Rush Ranch Protects One of the Few Remnants of Estuarine Marsh in the Bay Area

January 1, 2001

On the edge of the tidal marsh fringing Suisun Slough, a streaky dark-brown sparrow gleans seeds of tules and other rushes from the exposed mud. A shadow passes: a northern harrier, cruising for mice. The sparrow vanishes into a tangle of winter-brown stems. The bird is a Suisun song sparrow, and its presence is part of what makes the Rush Ranch Open Space Reserve a biodiversity hotspot. Biodiversity often evokes images of exotic rainforests and coral reefs. But there are places close to home that hold a surprisingly rich sample of life’s variety. Rush Ranch, south of Fairfield in Solano County, protects one of the few remnants of estuarine marsh in the Bay Area and shelters at least a dozen plant and animal species that are either officially rare or endangered, or have been proposed for listing.

Cupped between Suisun Bay to the south and the gently rolling Potrero Hills to the north, Rush Ranch’s 2070-acre mosaic includes both pasture and native grassland. But the marsh is the heart of the place. Located near the mouth of the Sacramento-San Joaquin River Delta, Suisun Marsh was once the largest estuarine marsh in the continental United States.
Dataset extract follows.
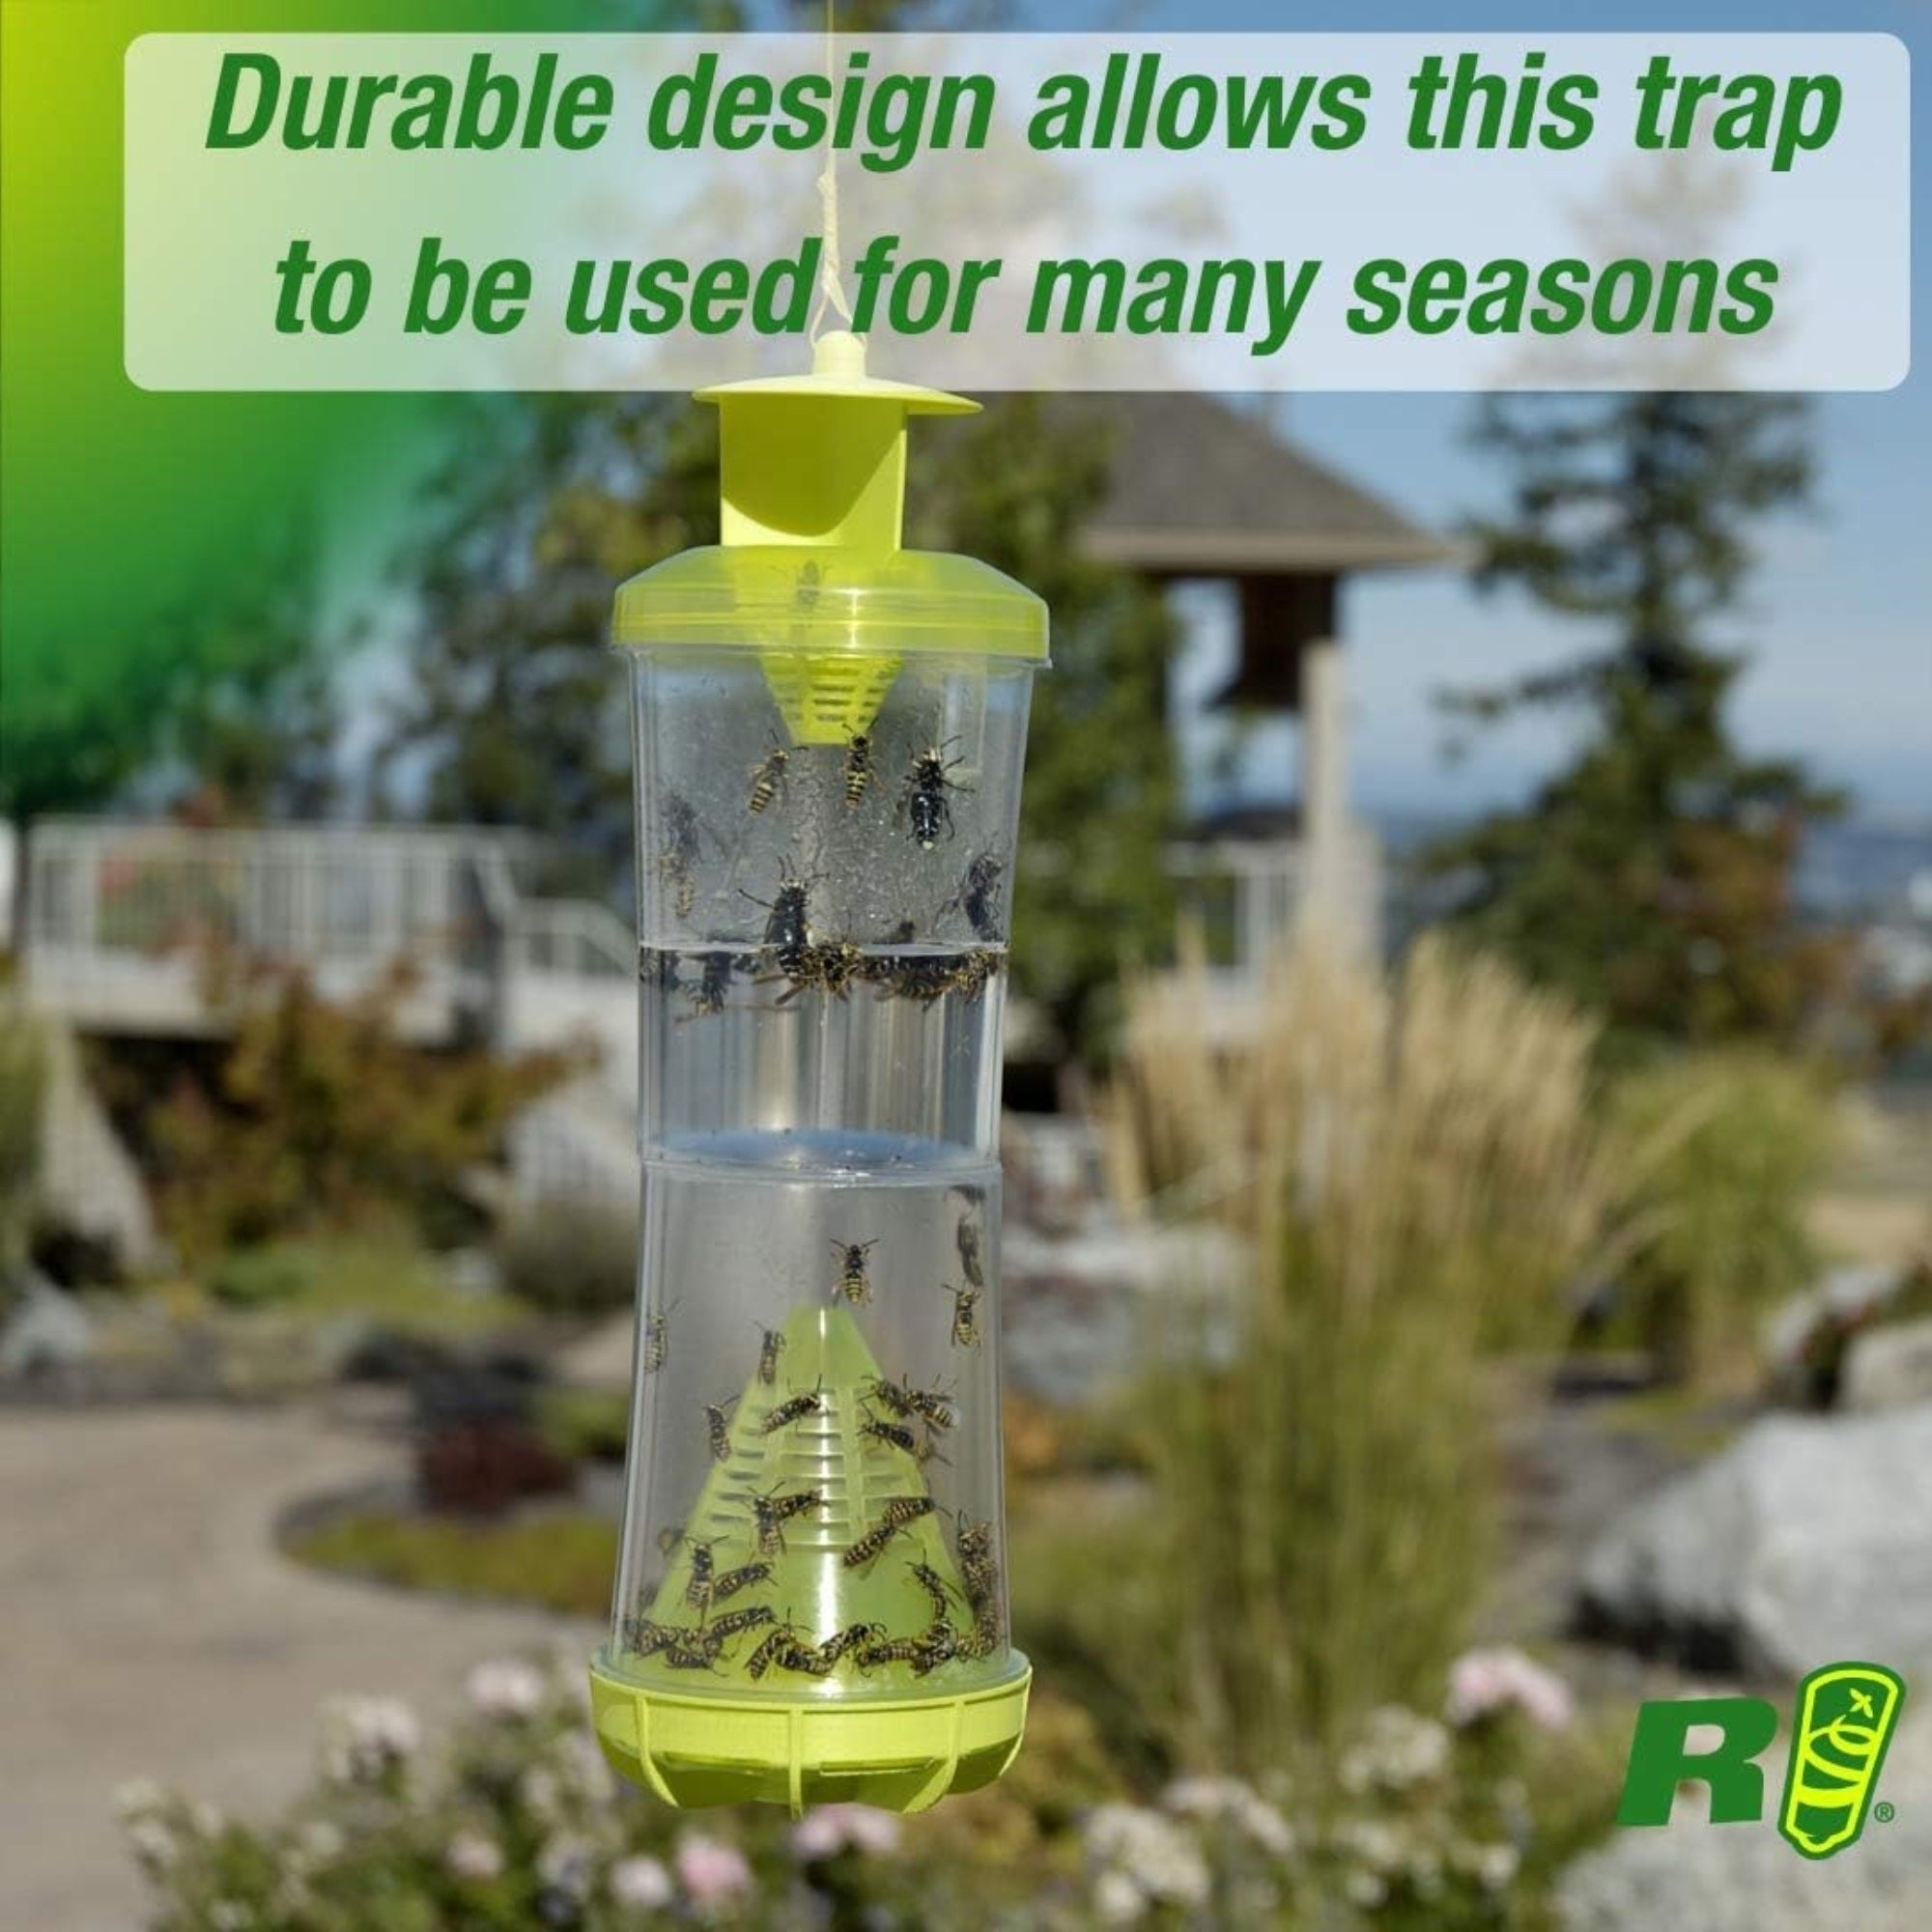 RESCUE! Non-Toxic Wasp, Hornet, Yellowjacket Trap (WHY Trap) Attractant Refill - 2 Week Refill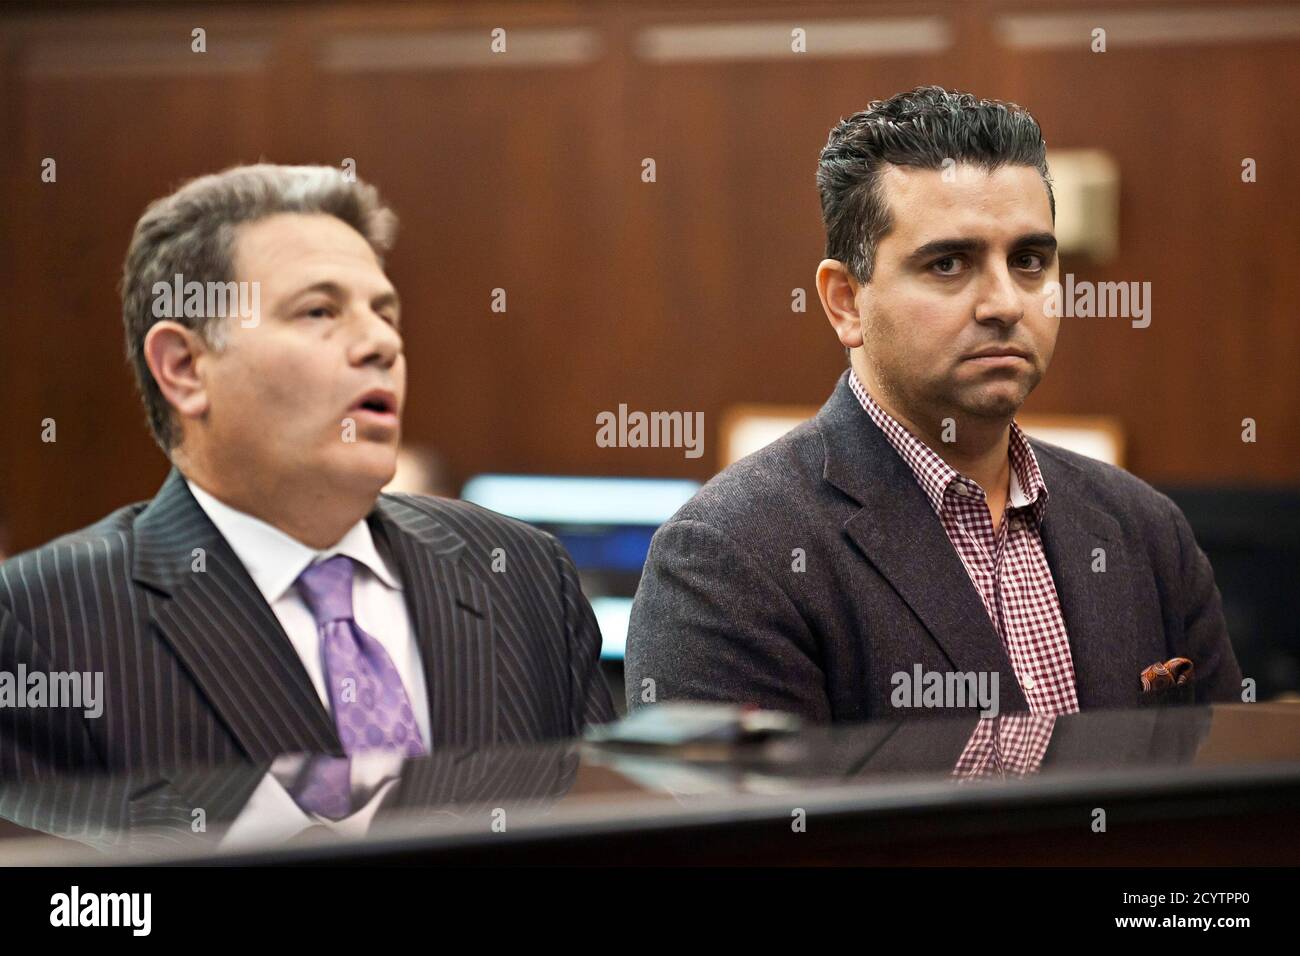 Celebrity chef Bartolo Valastro, Jr. appears in court at the Manhattan Criminal Courthouse in New York November 13, 2014. The of the reality TV show Boss" was arrested on

Now most of it is seasonal brackish wetland (often dry in summer), managed as waterfowl habitat, and only 10 square miles is left in its original tidal state. A tenth of that lies within the Rush Ranch preserve.

Tidal marsh, defined by the confluence of fresh and salt water and the influence of rising and falling tides, exemplifies the richness of ecotones, or edge environments where two natural systems meet. It’s a prodigiously productive habitat. Plant detritus feeds small invertebrates, which feed fish, which in turn feed herons, cormorants, and river otters. The sloughs that thread Suisun Marsh serve as nurseries for delta smelt and other fish. Before European colonization, its bounty sustained the Patwin people, whose seasonal villages bordered the marsh. Today at Rush Ranch you can see a grinding rock (a flat sandstone outcrop pocked with mortar holes) where Patwin women processed dried meat, salmon and sturgeon, mussels, and seeds.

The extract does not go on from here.